A bench comprising of Justice Vinay Deshpande was seized with a plea filed by one Rangrao Chaudhary, who challenged the December 2005 order passed by a labour court which upheld his employer’s decision to terminate his service.

According to the employer, on a random visit by a senior officer of the factory on the fateful day of May 1995, Chaudhary was not found on the machine but was seen combing his hairs.

Since it was a night shift, the senior officer viewed Chaudhary’s conduct seriously and asked him to get back to his duty. Irked over this, Chaudhary abused his boss and threw an iron rod/container on him, after which the latter got injured.

The employer, accordingly registered a case against Chaudhary and he was even subjected to a departmental enquiry, following which he was removed from his job.

To buttress his case, Chaudhary claimed that since he was acquitted in a subsequent criminal proceeding over the same attack incident, the employer erred in terminating his service.

At this, Justice Deshpande said, “Departmental proceeding and the proceeding in criminal case can proceed simultaneously as there is no bar and they are being conducted simultaneously though separately. Standard of proof for proving the guilt in a criminal trial is much higher than to prove the misconduct in a domestic enquiry.”

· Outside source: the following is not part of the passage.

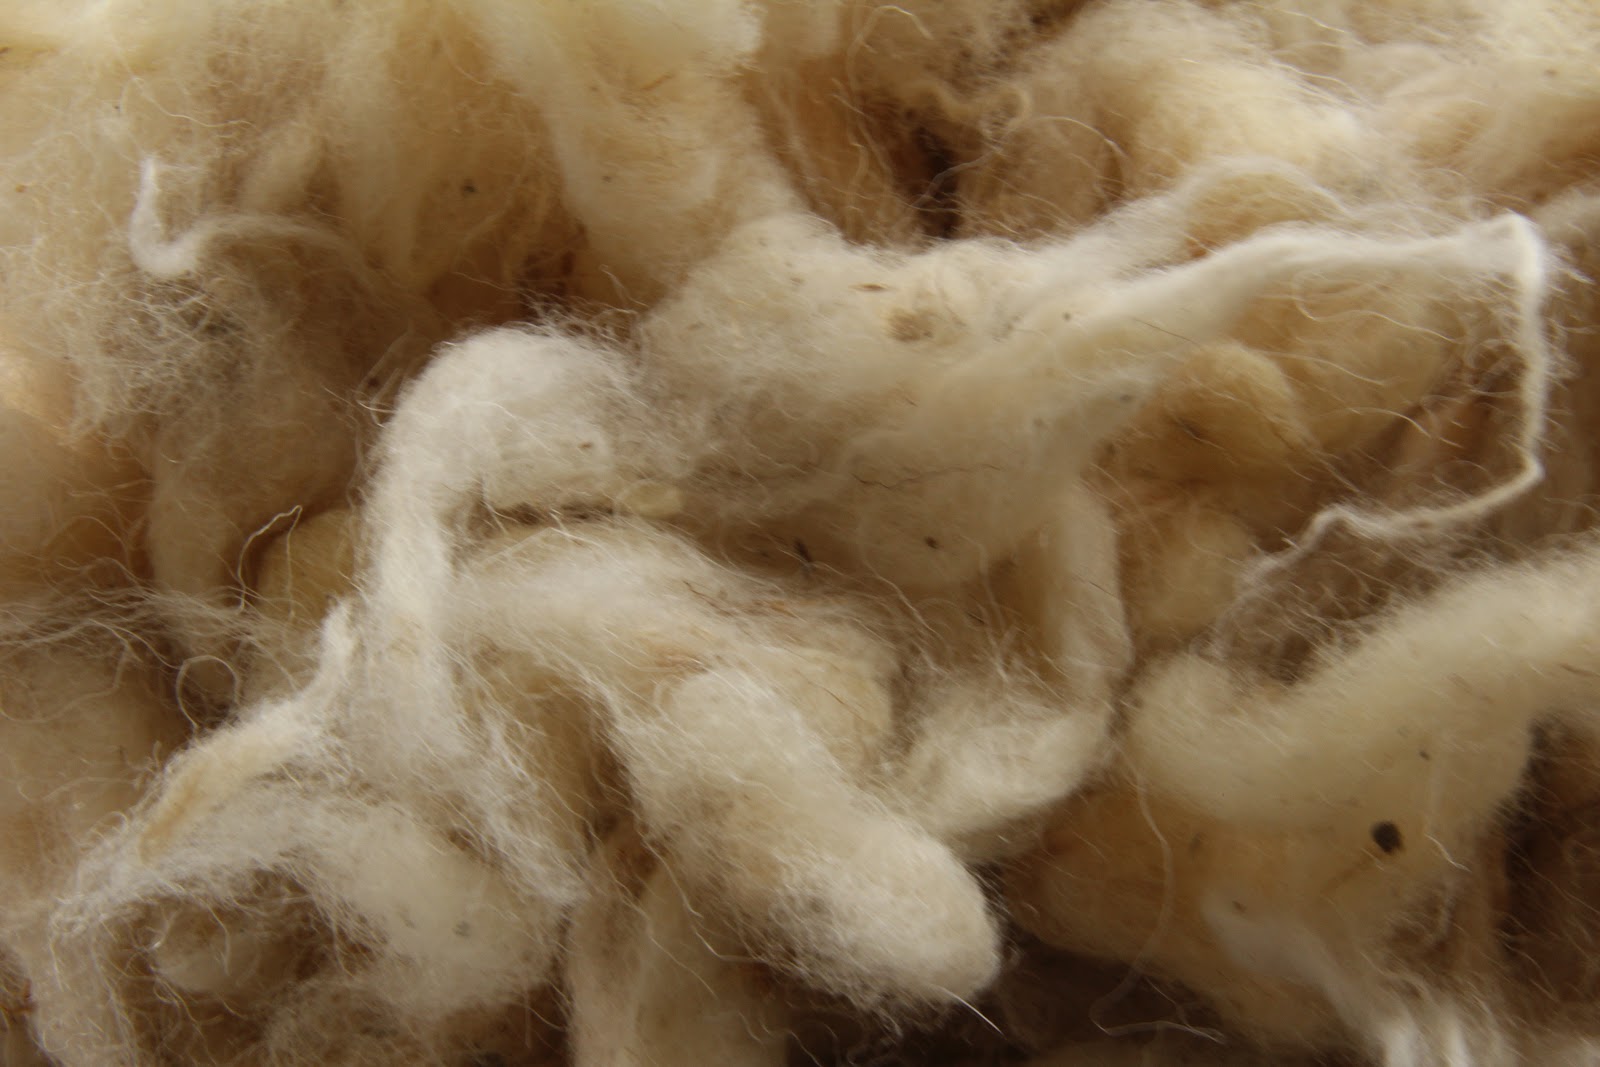 Cotone e lana, prezzi al massimo da 3 anni - Pambianconews

“Therefore, merely because Chaudhary was acquitted in the criminal case, the same will not be helpful to him,” the judge said.

“Chaudhary’s act of leaving the machine abruptly, though he was supposed to work on the machine and combing hairs was a serious misconduct. Not only that, when he was asked by his superior to resume the duty, instead he used abusive words and assaulted on him, in view of this Court, is a grave misconduct,” the judge held, while dismissing his plea.